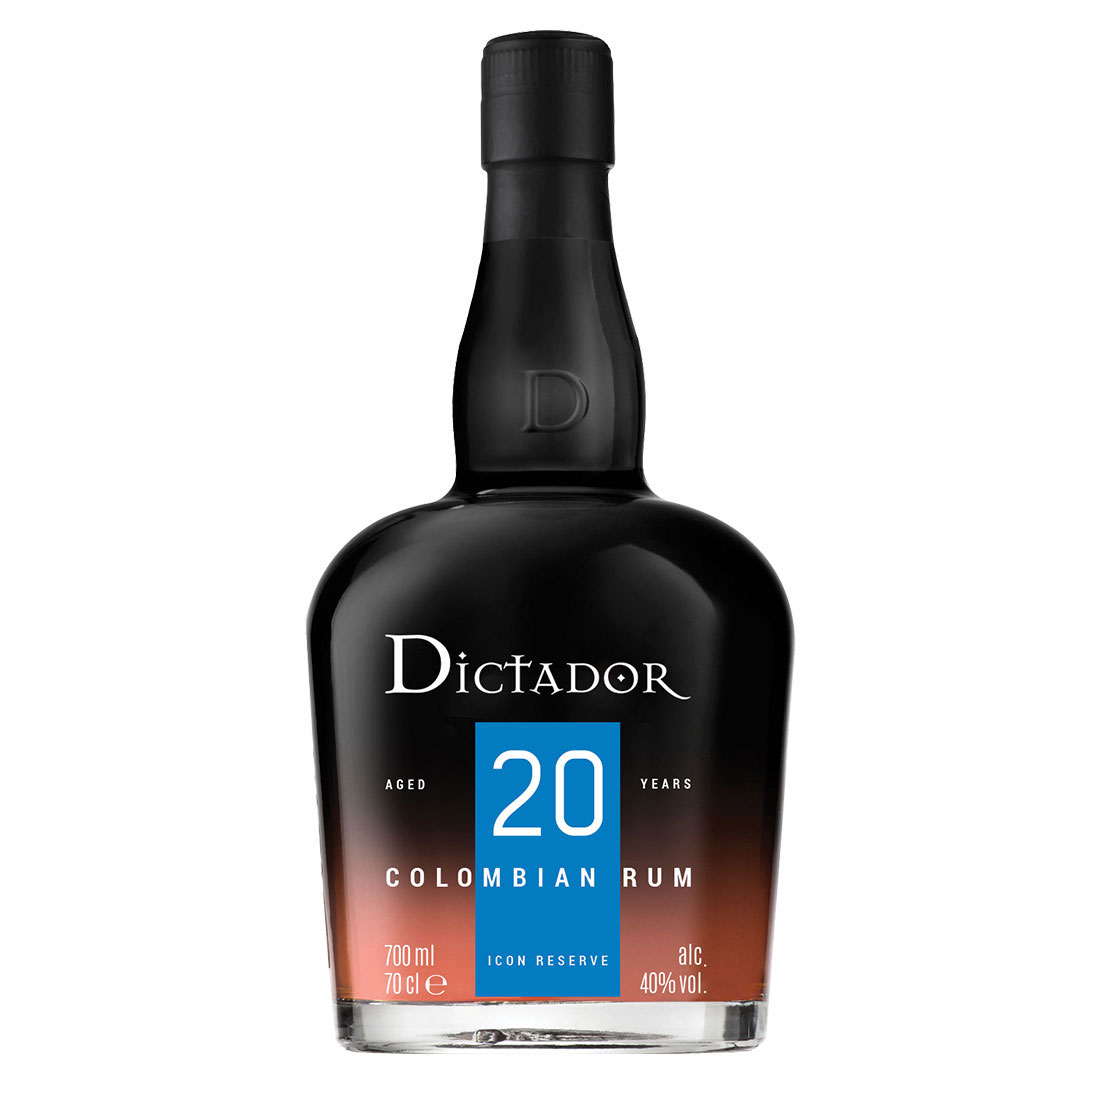 LB_Bottle-Dictador-20-years-Old-Rum---New-Bottle
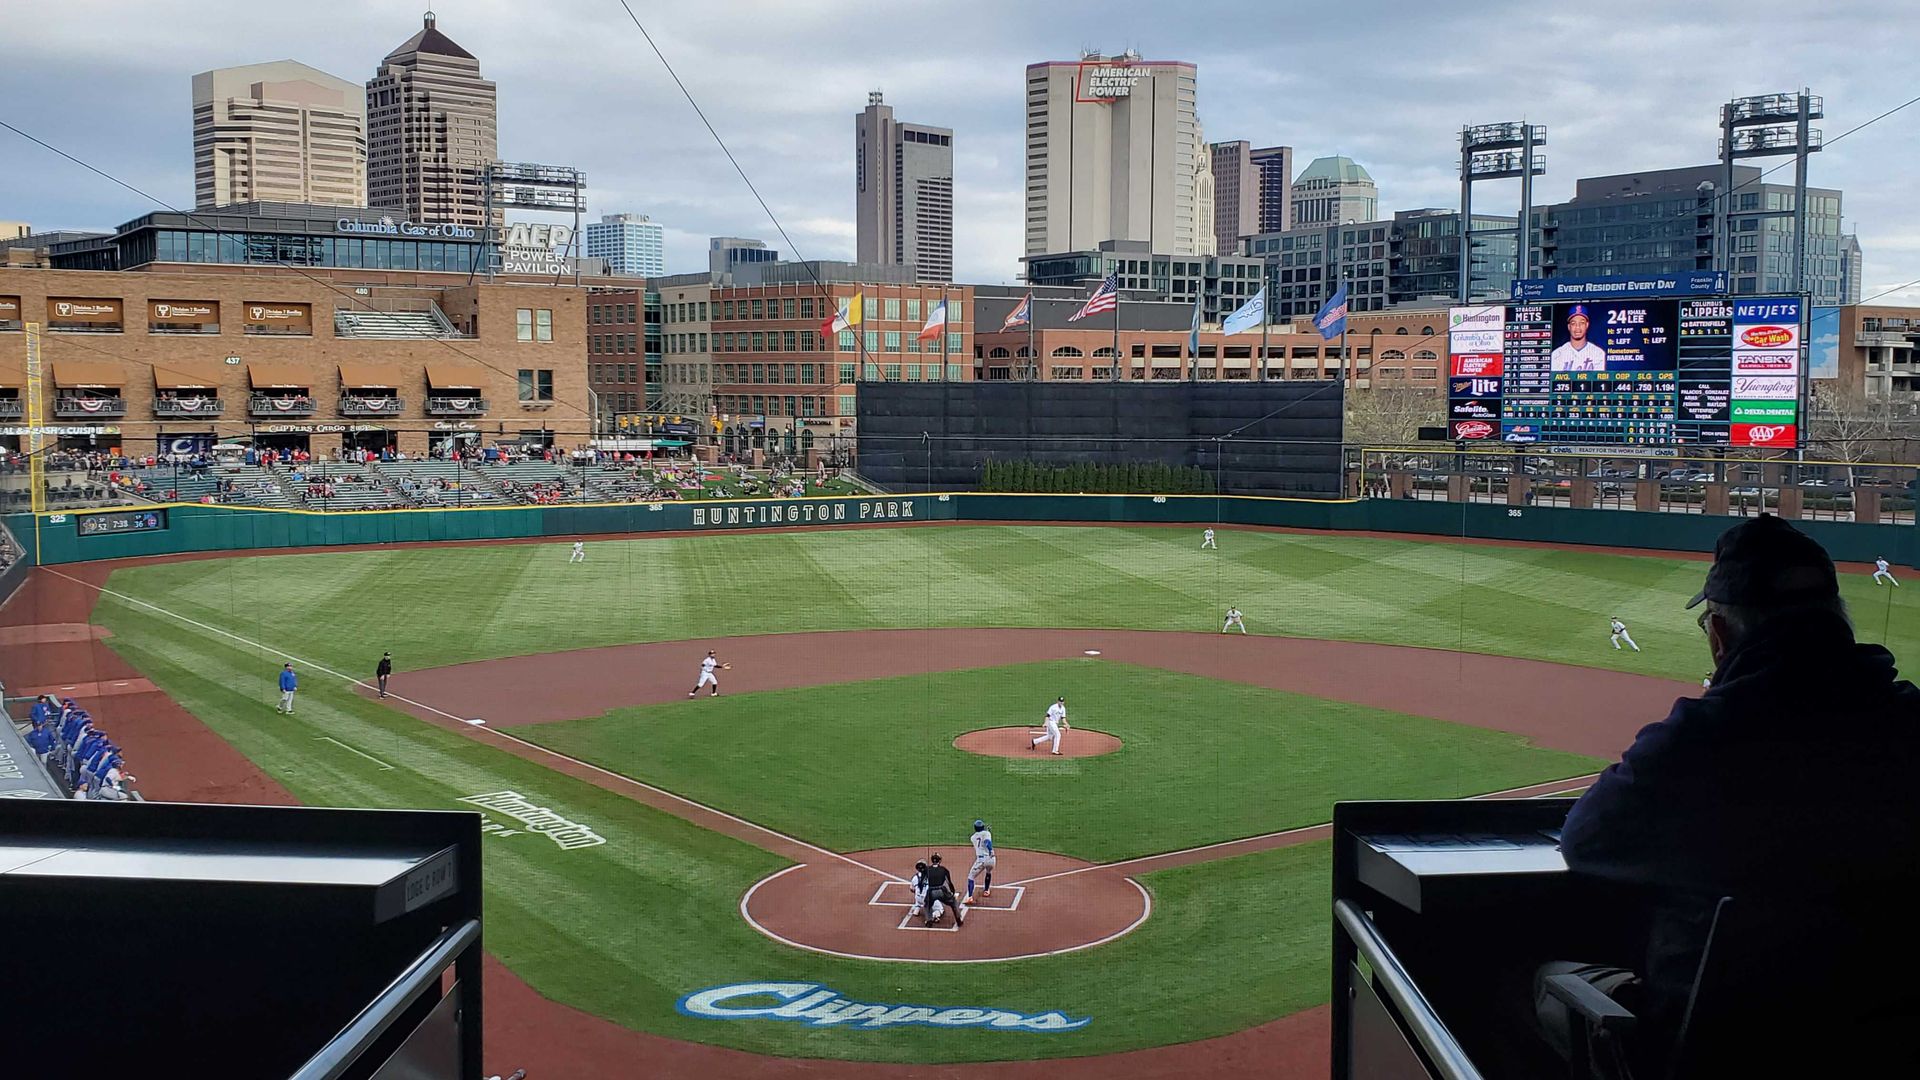 The view of Huntington Park with the Columbus skyline in the background.
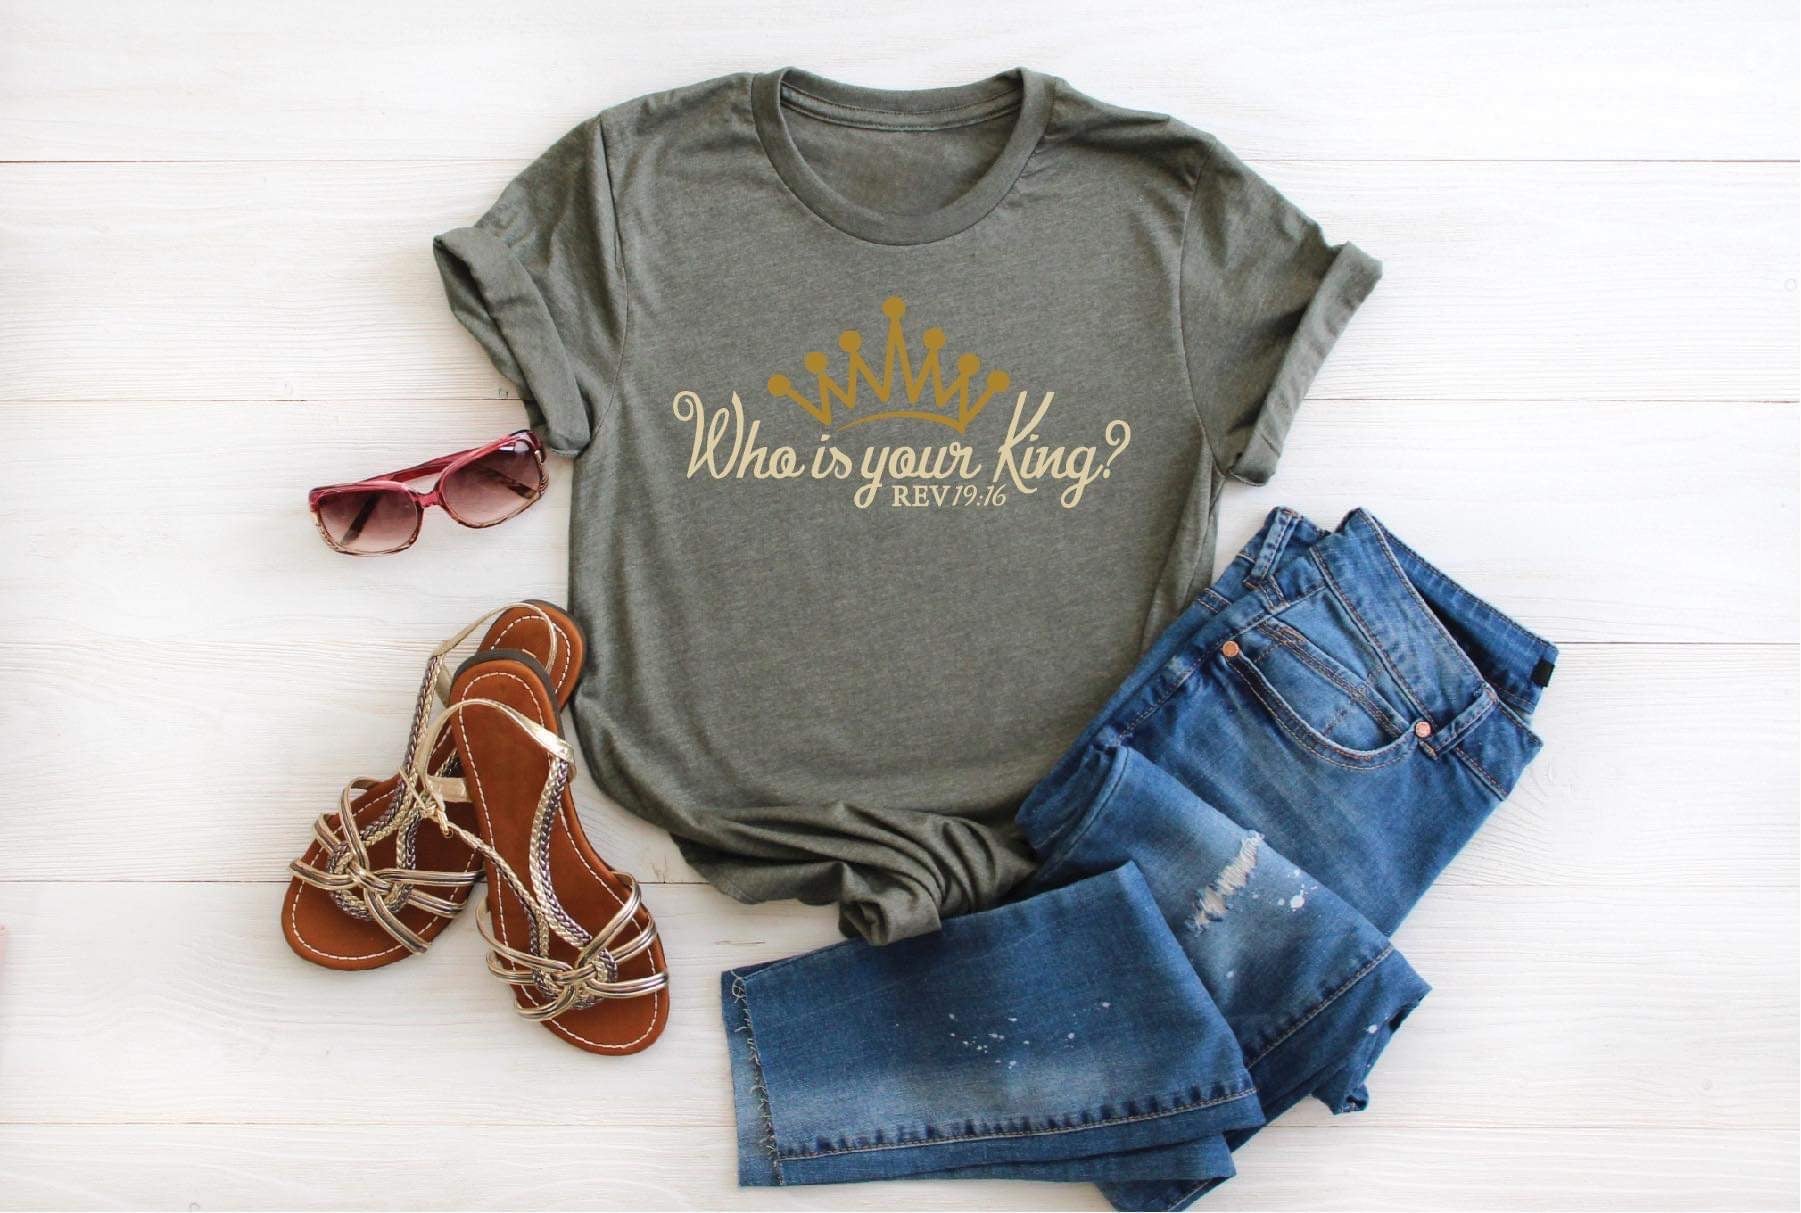 "Who is Your King?" Tee

****************************************

**Exercise requirements**. Whenever a picture appears in the listing, leave it out; copy everything else exactly.

**Exercise answer**.
 LB_Bottle-Dictador-20-years-Old-Rum---New-Bottle
 The view of Huntington Park with the Columbus skyline in the background.
 "Who is Your King?" Tee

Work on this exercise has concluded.